Later on, while in his dorm room, one of his friends friends drops by because he heard of the refund. He offers to double the money within a week. Curious, our preacher asks him how, and is told that if he gives this guy his money, he can go out and by and sells drugs and split the profit with him. Our preacher immediately says no and asks the guy to leave.

Then a few days pass and he remembers something his father used to tell him: "never put all your money in one item, always keep a some money in your pocket." Now he has come to a dilemma. And at this point Mr. Drug Dealer smells blood. He comes by again and offers his proposition. Sensing the hesitation he is quick to reassure him that he can get all his money doubled in a week and that he can be trusted, no worries. Our preacher, after much deliberation, decides that he will give him $500 and if he works that our that he will give him the rest later.

As it turns out, the guy used the money, bought drugs, and was using them with his girlfriend. Horrified, our preacher storms up the floors and confronts him. The guy confesses and apologizes and tells him that he will get the money back.

As small of a dream that it might be, he almost lost his dream car because he didn't stay strong. On a larger, and much more important scale thought, he almost lost everything. You see, the other guy said that he had a gun. Our preacher had gotten himself into a mess. He was mixed up in some shady things that he should have just stayed out of. All his dreams, his whole life could have changed right there.

It all really made me think. I wish that I had a video or someway to convey everything he said, but I hope that the point was made. It is a problem that every man, from the beginning of time has a had to deal with. Evil is always around, lurking and waiting to seduce us to give in to it. We have to focus our dreams, and keep our eyes set on our goals. We can't let the world get in the way any stop us.

Just as important though, is what we set as our goals. Are your goals selfish goals, or do they benefit others? Are your goals worldly, or will they continue with you on into heaven? I think these are all important questions we must ask ourselves.

Now the second part of the post, and the shorter part.
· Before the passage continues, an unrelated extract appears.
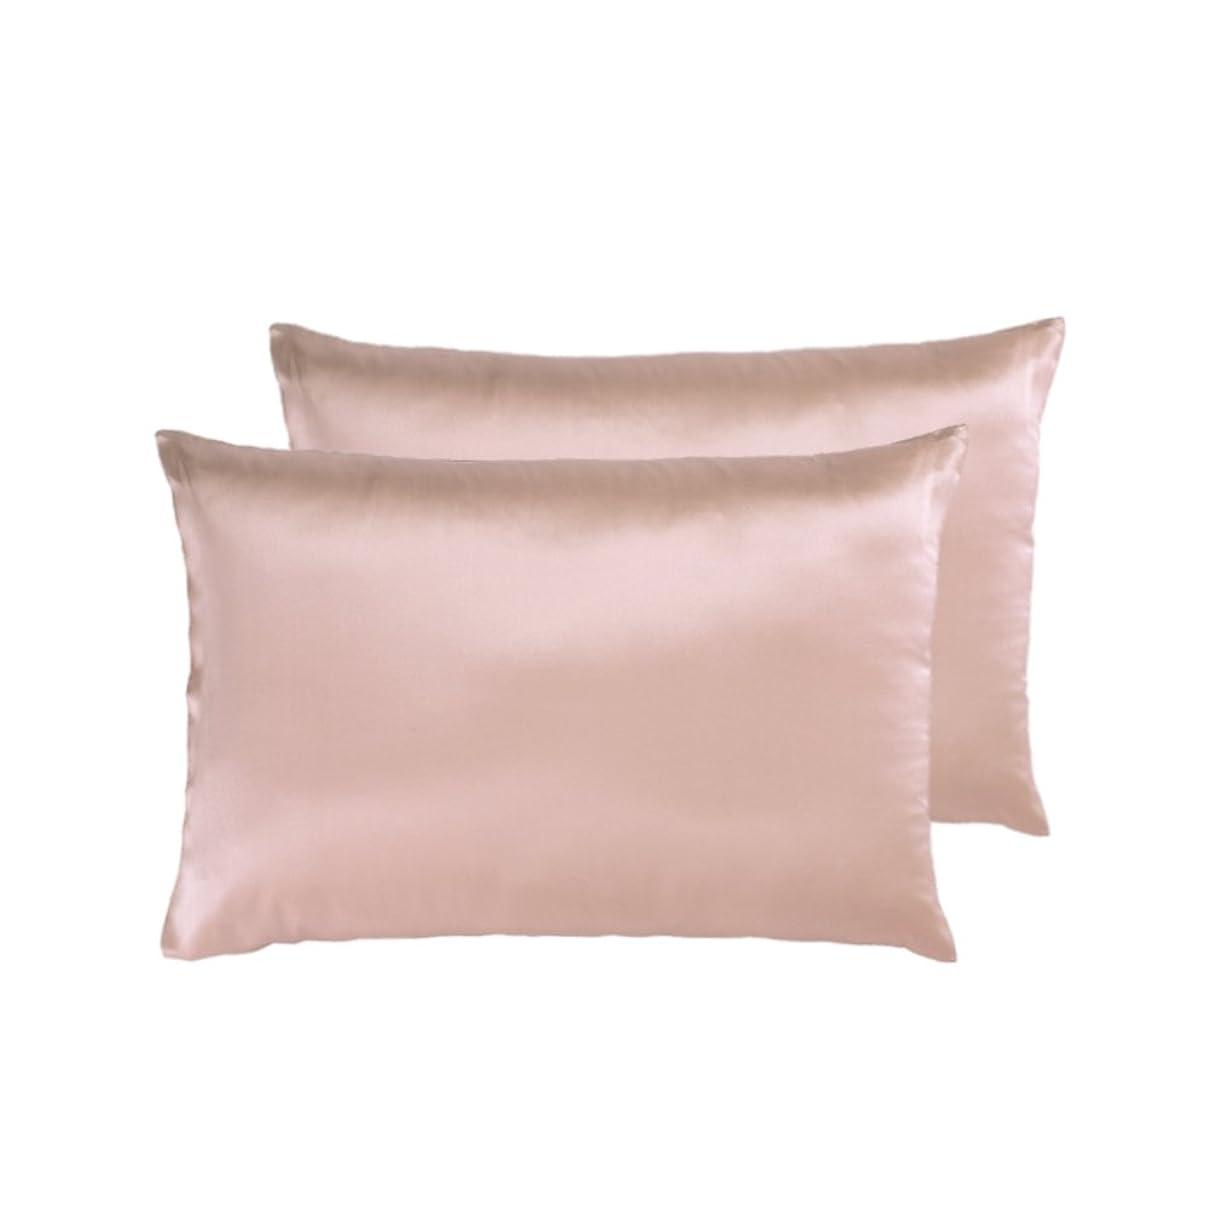 反逆まだ破滅的なシルクまくらカバー 両面絹 枕カバー 43 63 枕头套 | 22匁 封筒式 ピローケース | ピンク 2枚

Baccalaureate was a great experience and something that really made me think. One of my biggest fears about college is finding a strong church home; being able to place myself in unfamiliar territory and worship the same as if I was at home; be comfortable to show my faith in a strange and new place. I'm terrified. Baccalaureate really helped to alleviate some of those fears though. I was sitting in a room, full of my school friends, people who I much too rarely share my faith with, in a church service, hearing the words of God. It really made me think why don't I do this more often, it isn't bad at all.

It was different than ours at Legacy, but it was still a good service. The preacher was Methodist, but I really enjoyed him. It made me want to go visit other churches, to see what other services are like, to praise and worship God with people that I have never met before. I'm really excited about it. I think it will totally change my worship and open my eyes to new experiences. I love my church, but I think that this will be a positive experience, and definitely something that I can learn from.

Thank you lord for what you have done for me. You are an awesome and almighty God. I am yours and thankful for it. I want to live my life for you always.

Have a blessed day

Monday, May 11, 2009

God really spoke to me tonight. I don't even have time to go into everything that was said, or how i feel about it all, but i just wanted to say that I heard his voice. He was calling me to live for him. To allow myself to be used for his work. To give my life for him. I yearn to accept it and I plan to. I hope that I can truly be a light for my God in this world. I need some help though. Keep me accountable. Call me out, I can take it. I can't wait to see what the next year hold for my friends and I. I will be amazing to see how we all change, scary, but amazing.

That, in a short version, is what I was thinking tonight at our senior banquet. It was a great time and I loved it all.